Наступило долгое молчание. Не приближаясь к ней, он передвинулся, чтобы увидеть сбоку ее лицо. Выражение лица было странным, почти безмятежным, как будто слова его подтвердили какую-то глубоко укоренившуюся в ее душе мысль.
Она все еще смотрела на море, где, милях в пяти от берега, в полосе проглянувшего солнца шел к западу бриг под красновато-коричневыми парусами. Потом сказала спокойно, словно обращалась к этому далекому кораблю:
— Он никогда не вернется.
— Вы думаете, что он никогда не вернется?
— Я знаю, что он никогда не вернется.
— Я вас не понимаю.
Она повернулась и посмотрела в полное удивления и сочувствия лицо Чарльза. Долгое мгновенье она, казалось, чуть ли не наслаждалась его замешательством. Потом опять отвела глаза.

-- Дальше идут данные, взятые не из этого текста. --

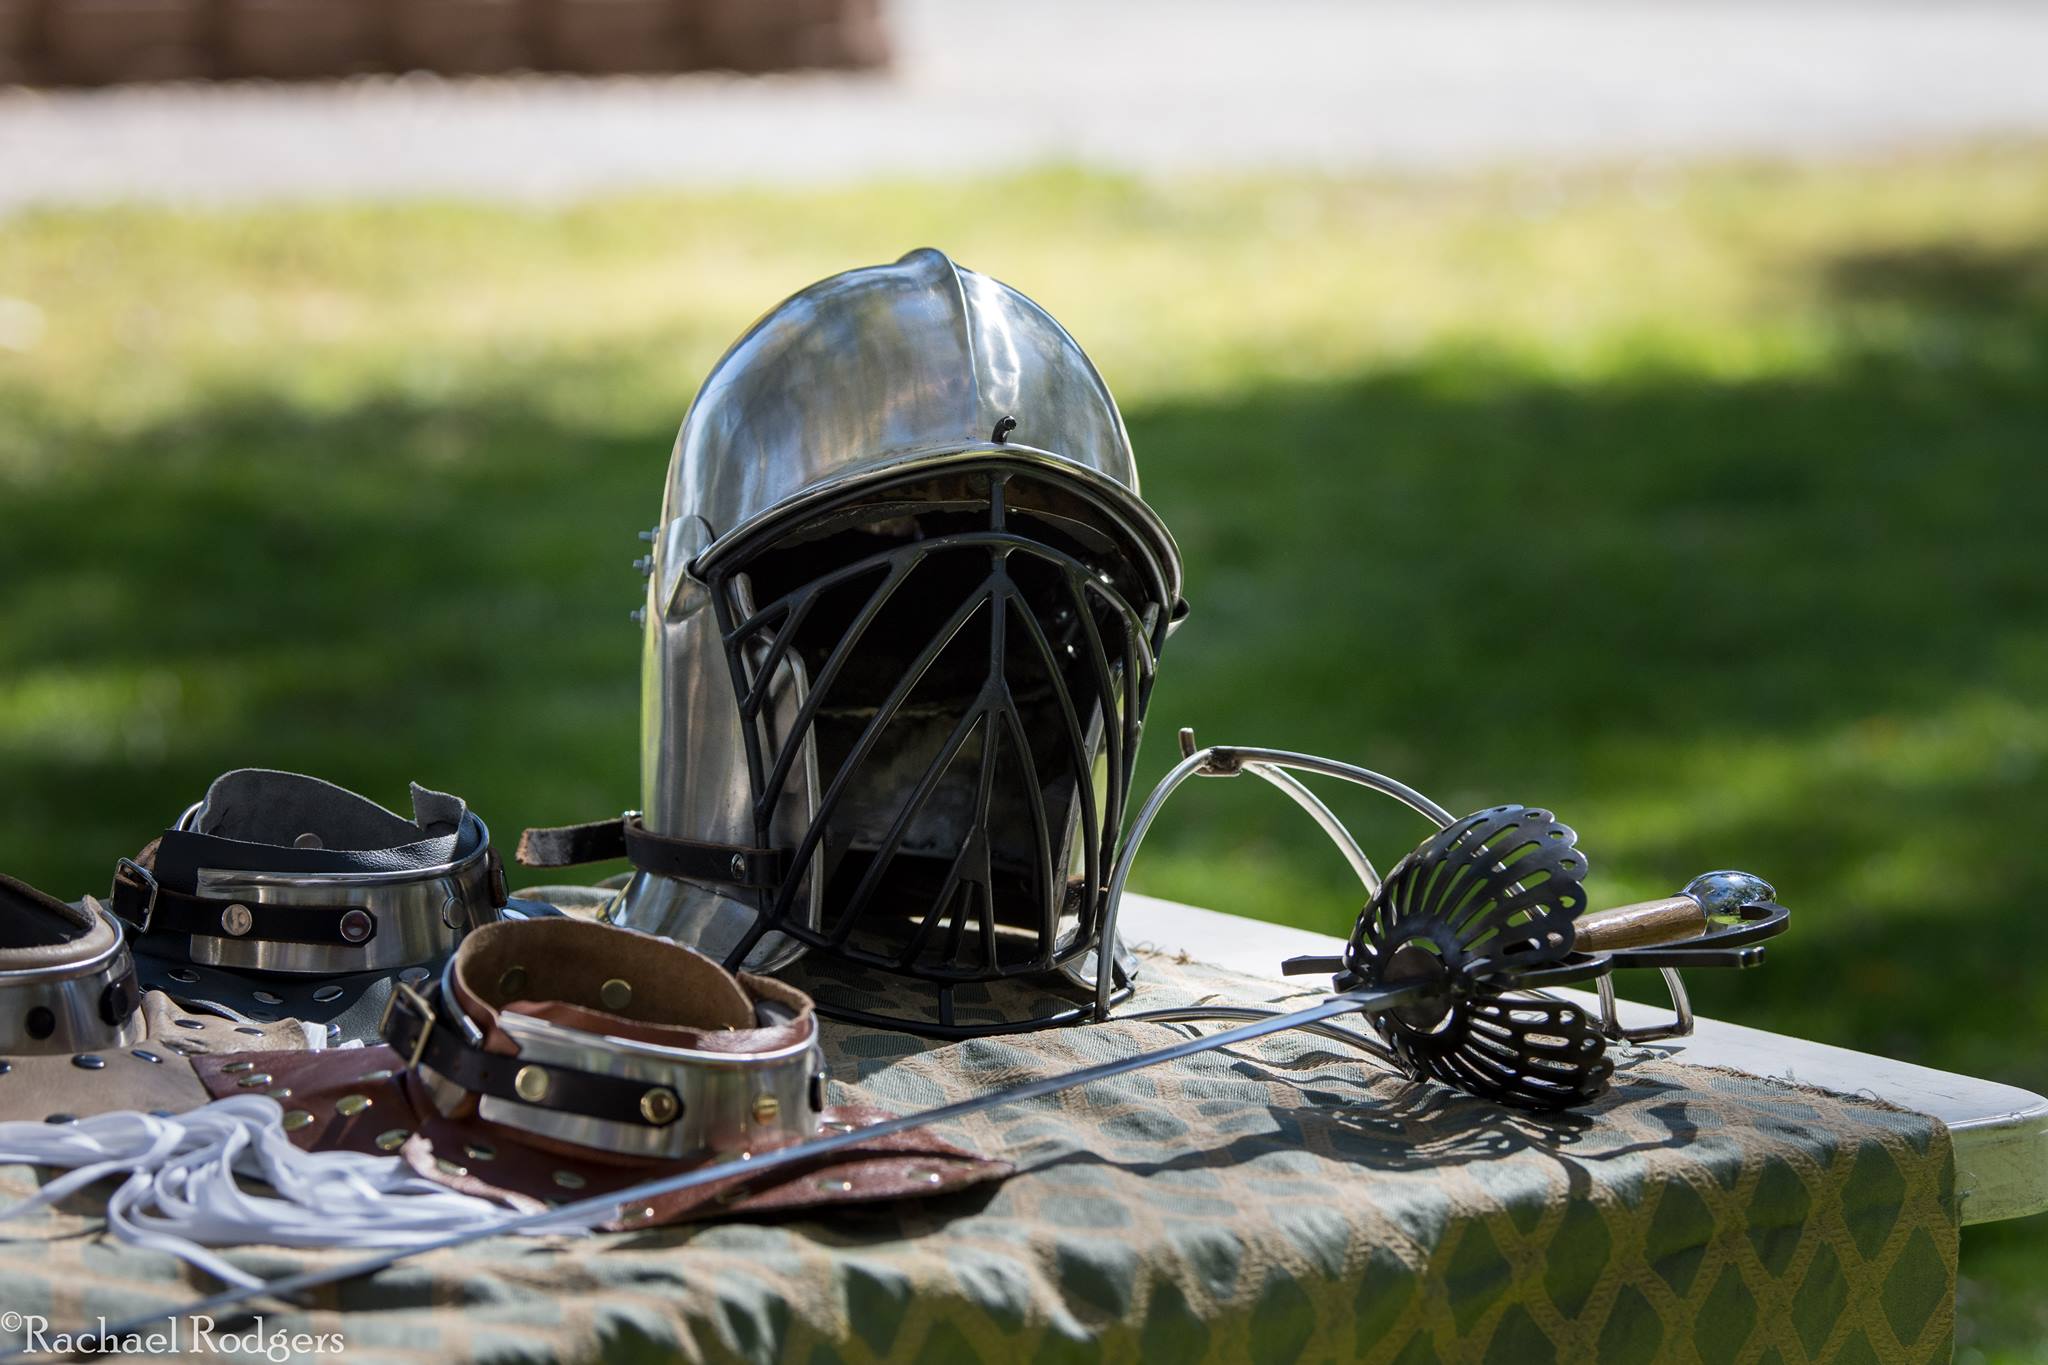 A helmet, rapier, and pieces of armor

— Я уже давно получила письмо. Этот джентльмен… — она опять замолчала, словно открыла ему слишком много и теперь об этом сожалеет. И вдруг быстрым шагом, почти бегом, двинулась по лужайке к тропе.
— Мисс Вудраф!
Она прошла еще немного, потом обернулась; и снова эти глаза одновременно его и оттолкнули, и пронзили. Глухой сдавленный голос прозвучал как выстрел, направленный, казалось, прямо в Чарльза.
— Он женат!
— Мисс Вудраф!
Но она не обернулась. Он так и остался стоять. Удивление его было вполне естественным. Неестественным было охватившее его отчетливое чувство вины. Словно он выказал грубое равнодушие, тогда как был уверен, что сделал все, что мог. Несколько секунд после того, как она скрылась из виду, он все еще смотрел ей вслед. Потом обернулся и посмотрел на далекий бриг, словно надеялся найти в нем разгадку этой тайны. Но не нашел.
17
В этот вечер Чарльз сидел между миссис Трэнтер и Эрнестиной в лаймском зале ассамблей. Здание лаймских ассамблей, быть может, не шло ни в какое сравнение с ассамблеями в Бате и Челтнеме,[130] но оно было уютным, просторным, и из его окон открывался вид на море. Увы — слишком уютным и слишком любимым всеми местом, чтобы не принести его в жертву Великому Британскому Богу — Удобству, вследствие чего по постановлению городского совета, единодушно озабоченного состоянием обывательского мочевого пузыря, его давно уже снесли и тем расчистили место для постройки, которая по всей справедливости может претендовать на звание наименее удачно расположенной и наиболее уродливой общественной уборной на всех Британских островах.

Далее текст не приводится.